The scope of the conference covers fundamental and applied research that applies to space technologies, and includes the following:

Space science, including space and atmospheric physics, remote sensing from/of space, planetary sciences, astrobiology and life sciences, and space-based astronomy and astrophysics.
Space engineering, including communications, navigation, space operations, propulsion and spacecraft design, test and implementation.
Space industry
Government, international relations and law
Education and outreach.

For the abstract guidelines and online submission (as well as guidelines for written papers) go to URL www.assc.nssa.com.au

Key Dates
• Closing date for ASSC abstracts 6 July 2008
• Registration opens 20 July 2008
• Acceptance of ASSC Abstract 4 August 2008
• Closing date for full written ASSC papers 31 October 2008

Please make the conference known to your colleagues. We hope that you will attend. You may email asscconference@nssa.com.au for more information.

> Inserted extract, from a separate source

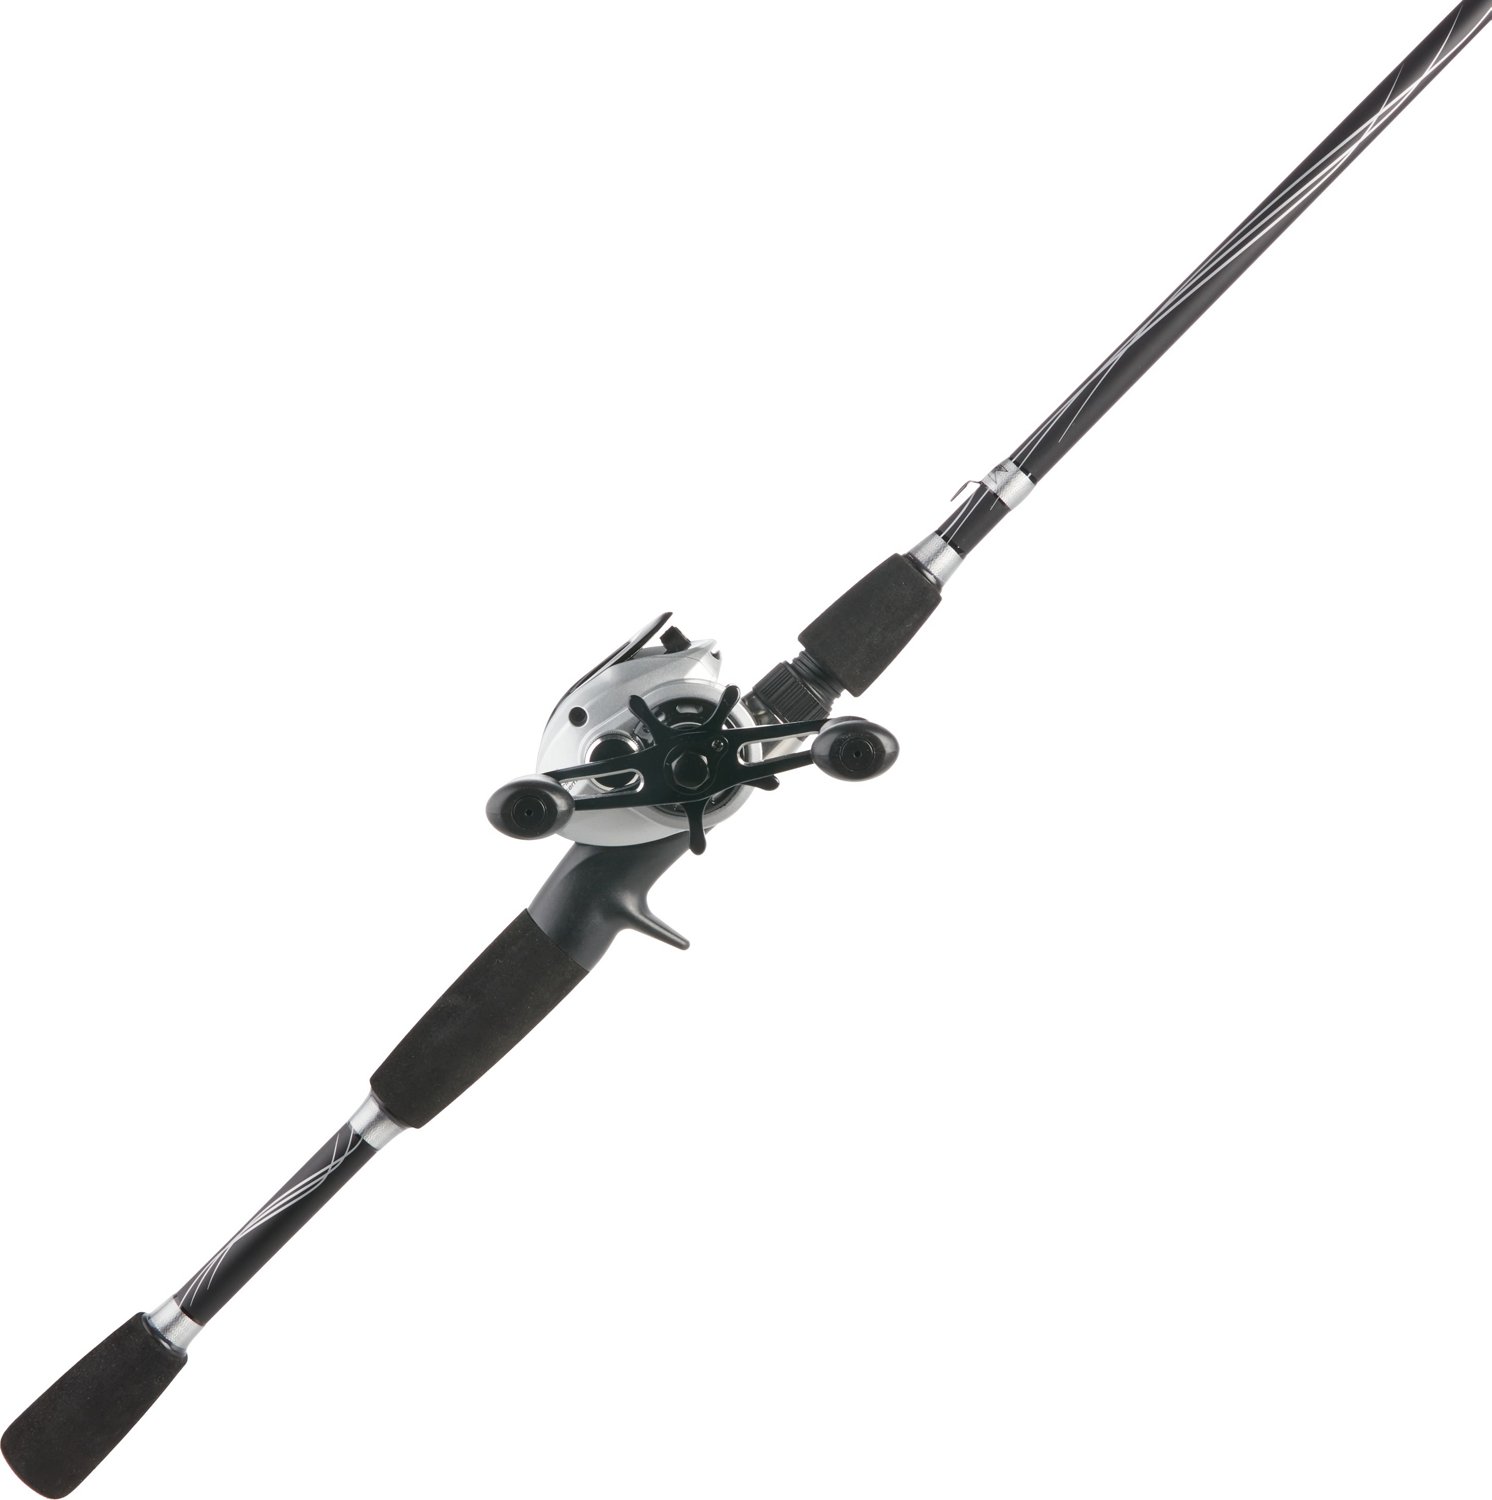 H2O XPRESS Blade Rod and Reel Combo | Academy

Anntonette Joseph, Co-Chair, National Space Society of Australia
Iver Cairns, Co-Chair, National Committee for Space Science,
University of Sydney.


Wednesday, April 23, 2008

More space junk poetry

This from the inimitable Denis Gojak:

'I think that I shall never see,
a scorched piece of Skylab smacked into a paddock as beautiful as a tree...'

I concur.


Saturday, April 19, 2008

Redefining the geography of earth and space

I have to write something about this soon, based on my AAA paper "The gravity of archaeology".

Richard Cathcart is not only an excellent space junk poet but has some interesting insights on this topic (in his 1979 publication The Developing Artificial Geography of the Solar System, Public Administration Series P-206, Illinois). He makes the point that the lithosphere is currently as impenetrable to humans as space used to be, and that the upper limit of the biosphere is where the International Space Station now orbits.

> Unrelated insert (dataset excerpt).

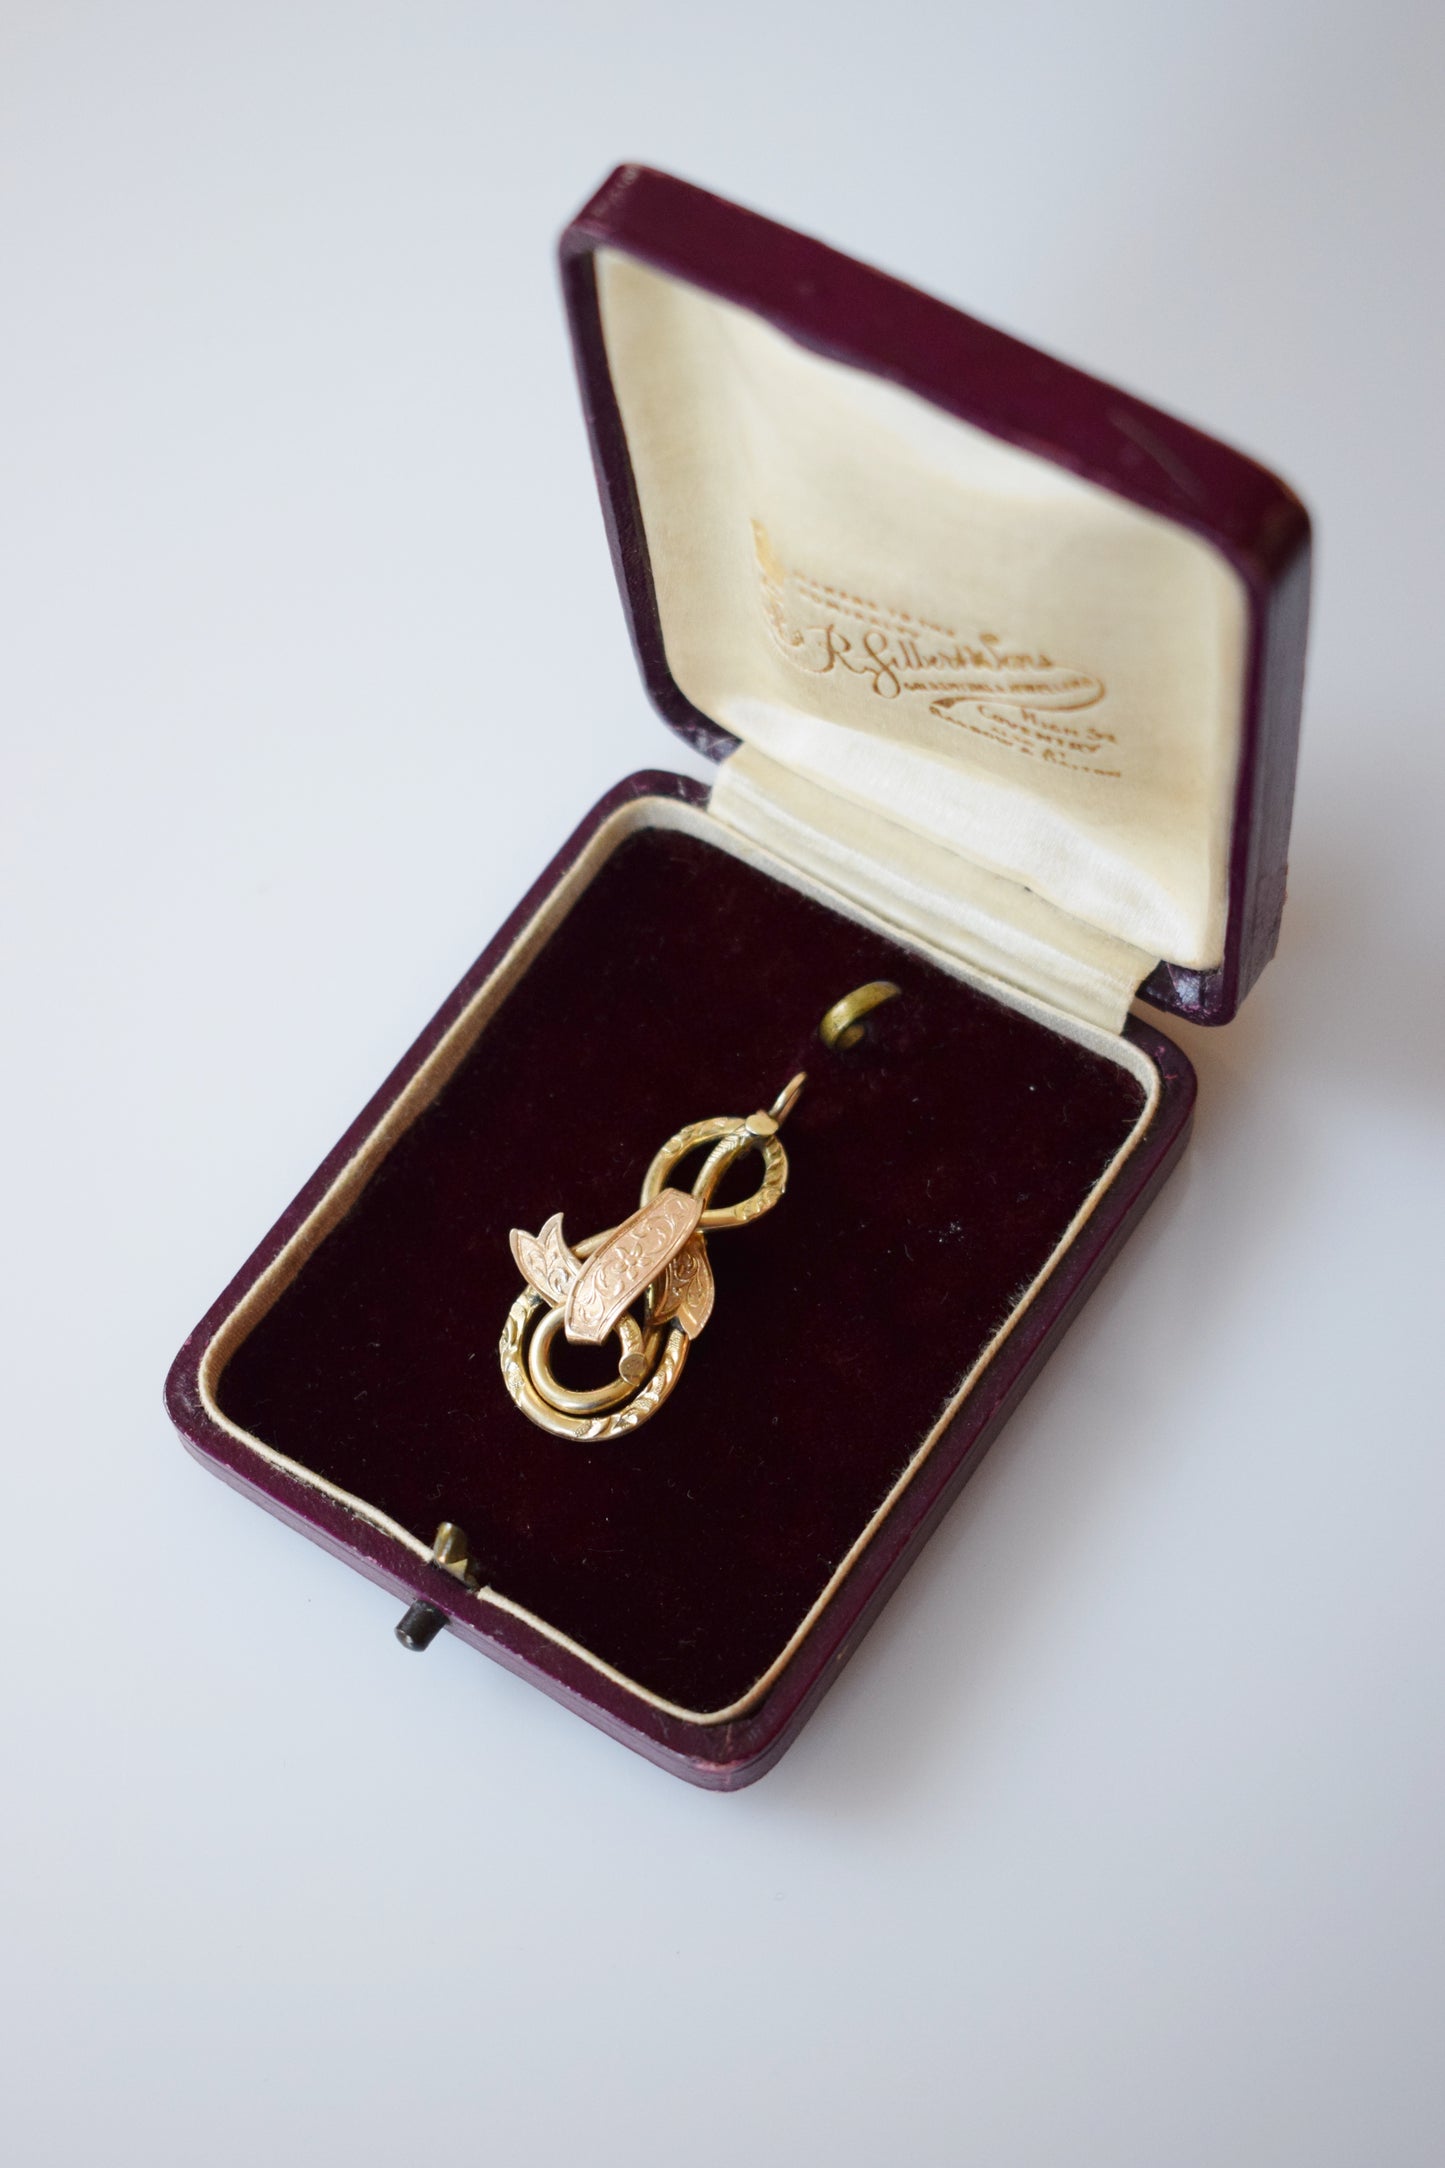 Victorian Gold Love Knot Pendant Necklace

He also notes that the Earth is "eroding", in a sense, as material is injected into orbit. But it is also aggrading as far huger quantities of cosmically derived material fall to earth every day. This interchange of material between what we call earth and space is a good illustration of the artificiality of these boundaries, as Nigel Clark (2005) also argues in Ex-orbitant Globality (Theory, Culture and Society 22(5):165-185).